● Given information
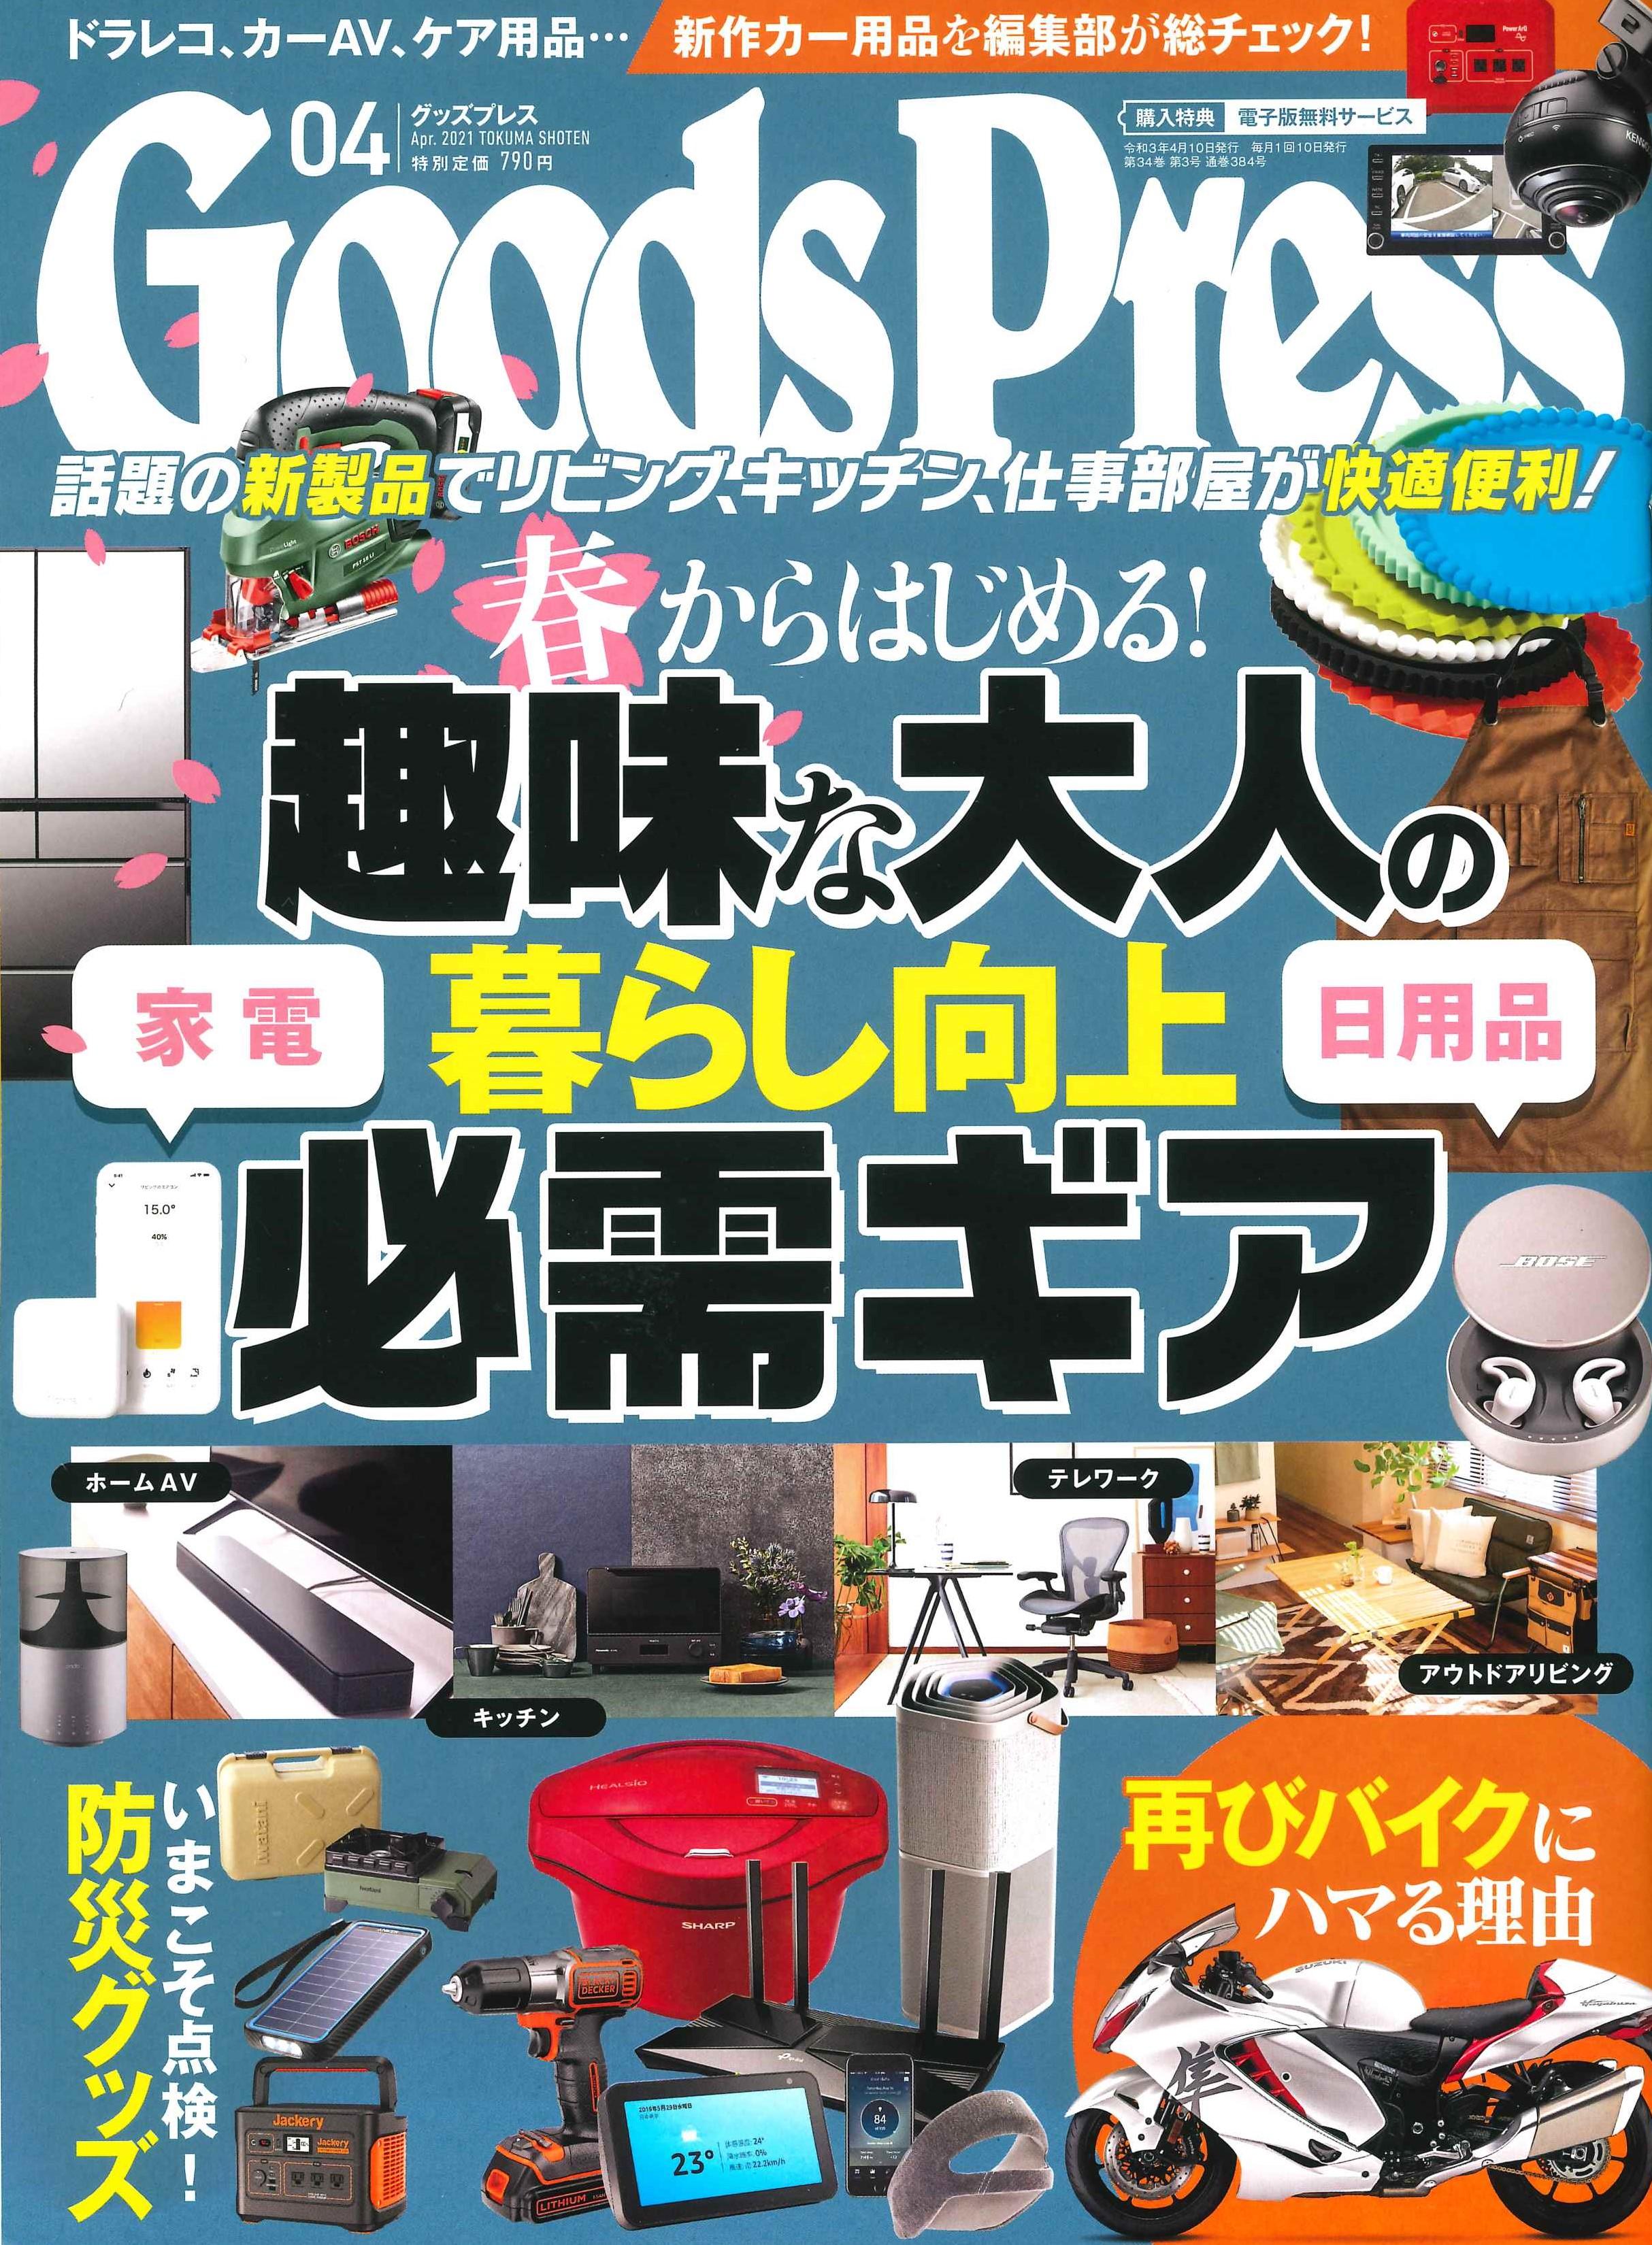 【GoodsPress 2021年4月号掲載】バイク用インカム B+COM SB6X
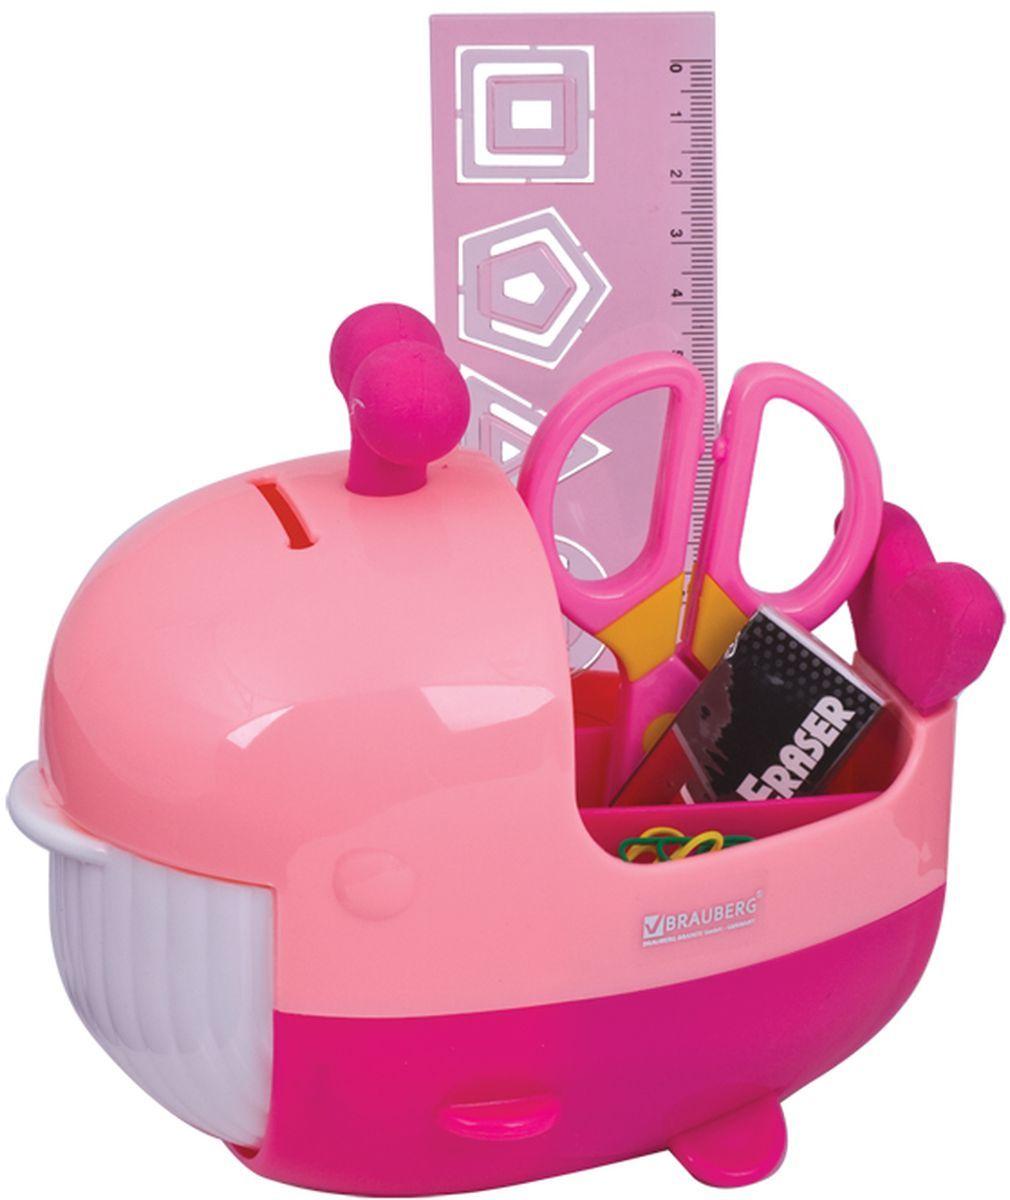 Brauberg Канцелярский набор Кит цвет розовый 4 предмета -  Органайзеры, настольные наборы
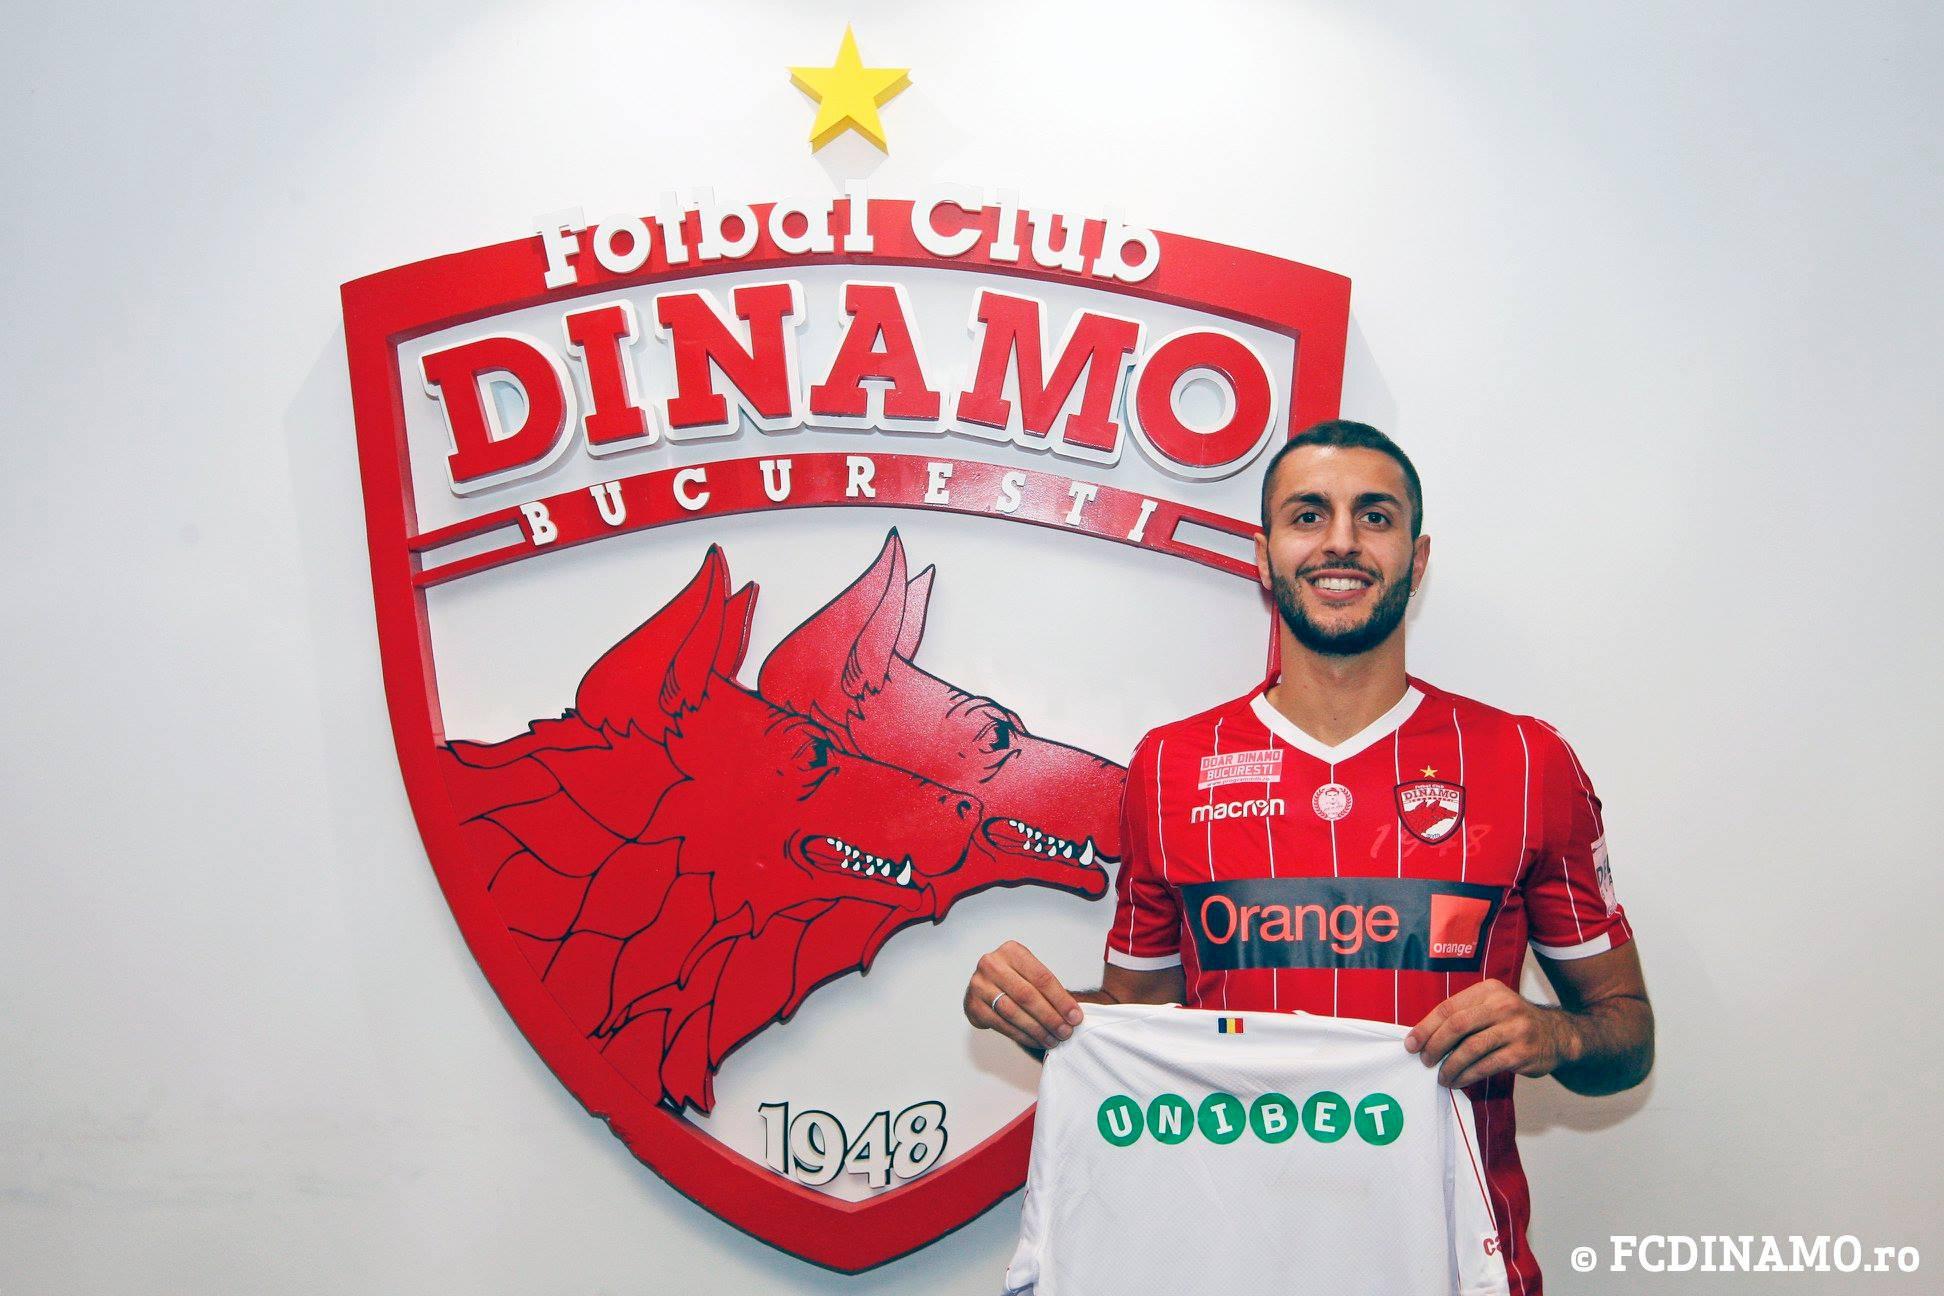 Montini Dinamo

● To do
After removing the pictures, restate the whole listing above word for word.

● Answer box
 【GoodsPress 2021年4月号掲載】バイク用インカム B+COM SB6X
 Brauberg Канцелярский набор Кит цвет розовый 4 предмета -  Органайзеры, настольные наборы
 Montini Dinamo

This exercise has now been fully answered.